Delish Bakery is Holmgren’s launch of a second career as a baker. “I worked for Alaska Airlines for 20 years. Then Covid happened and my job was eliminated. It was tough because that’s been my life. But this next step has always been my dream,” she said earlier this summer when we first spoke.
She’s long dabbled in baked goods working for a caterer as a side hustle to her day job in IT and marketing. She also worked in restaurants during college.
Since the pandemic began and she lost her job, she has been a pastry student at Clover Park Technical College, which has given her the skills to launch a second career as a baker. She only has one semester left in her program, but intends to take this semester off to focus on the bakery and then she’ll likely go back to Clover Park to finish up.
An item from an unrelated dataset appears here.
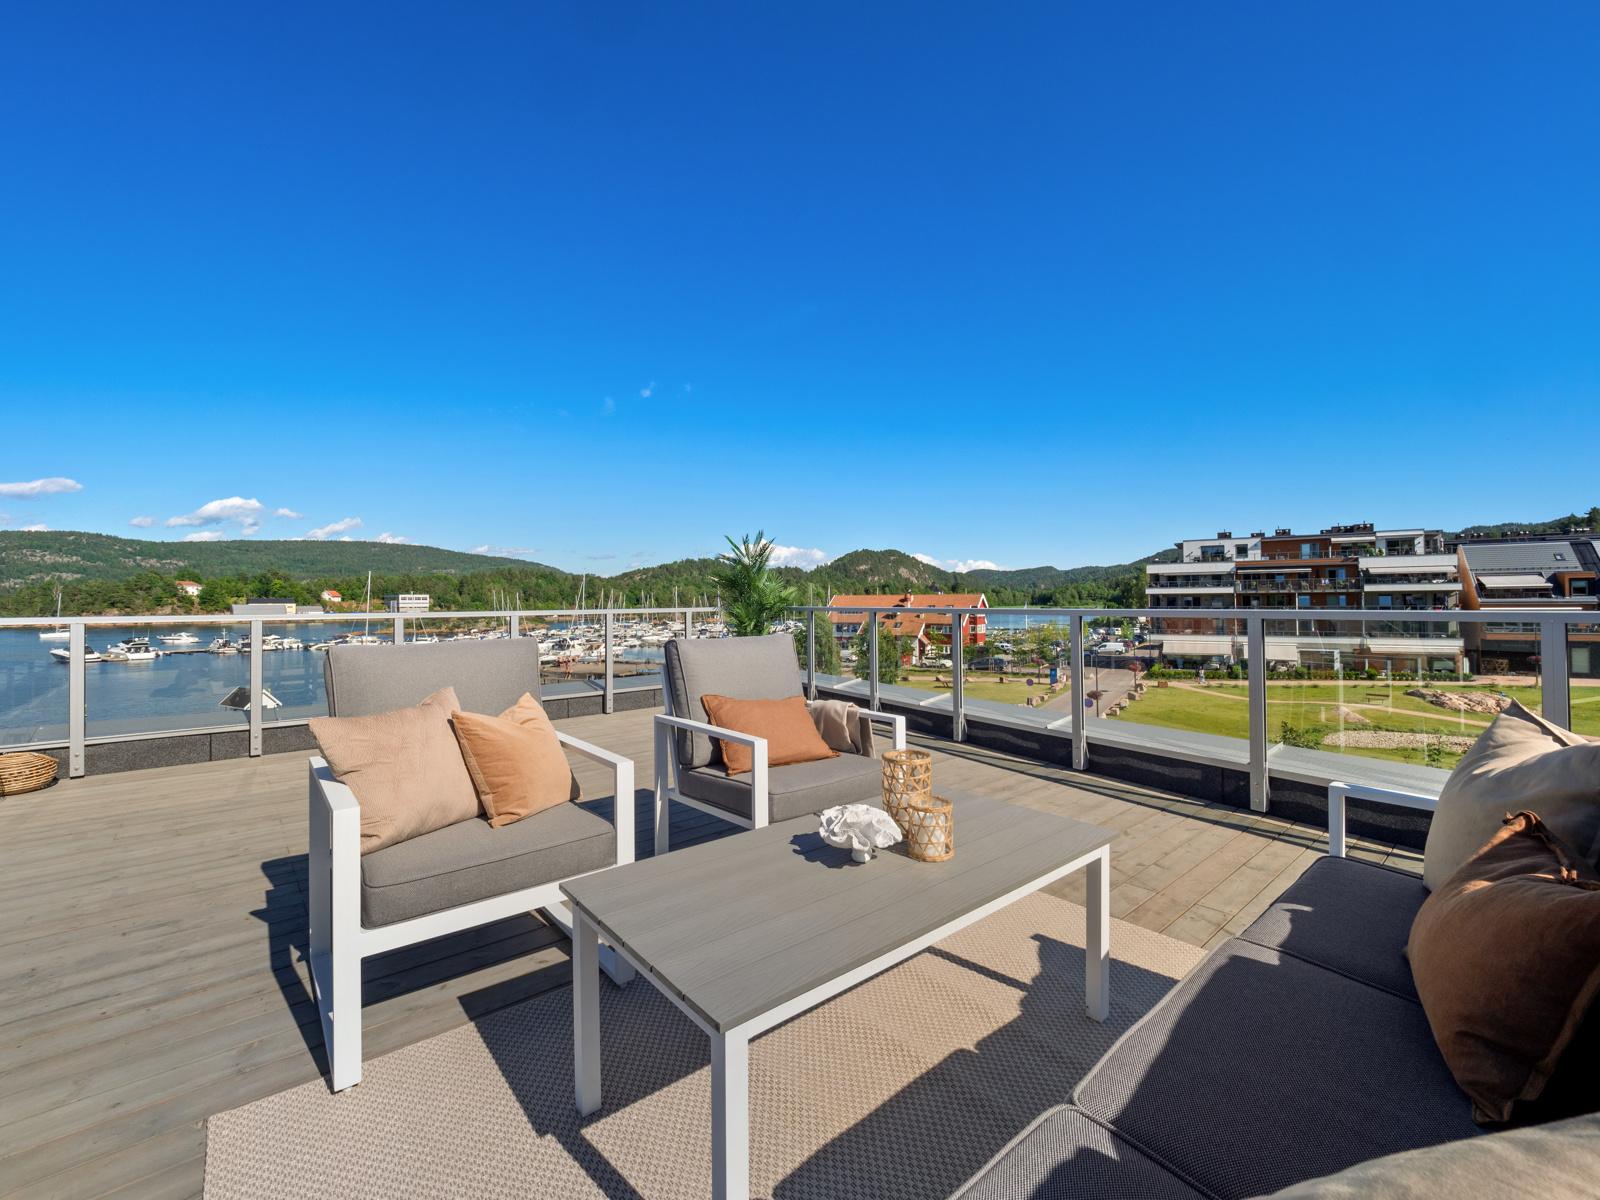 Boligen har privat takterrasse med fritt utsyn utover fjorden, stranden og Sætre sentrum

Holmgren lives in Anderson Island and commutes via ferry. She previously lived in Steilacoom, which is why she knew the community would be receptive to a scratch bakery like hers. She likes Steilacoom’s small-town feel and terrific foot traffic.
Where: 1603 Lafayette St., Steilacoom; 253-325-9822
Hours: She’s open Tuesday-Saturday for now, closed Sunday and Monday. Check social media for opening and closing times.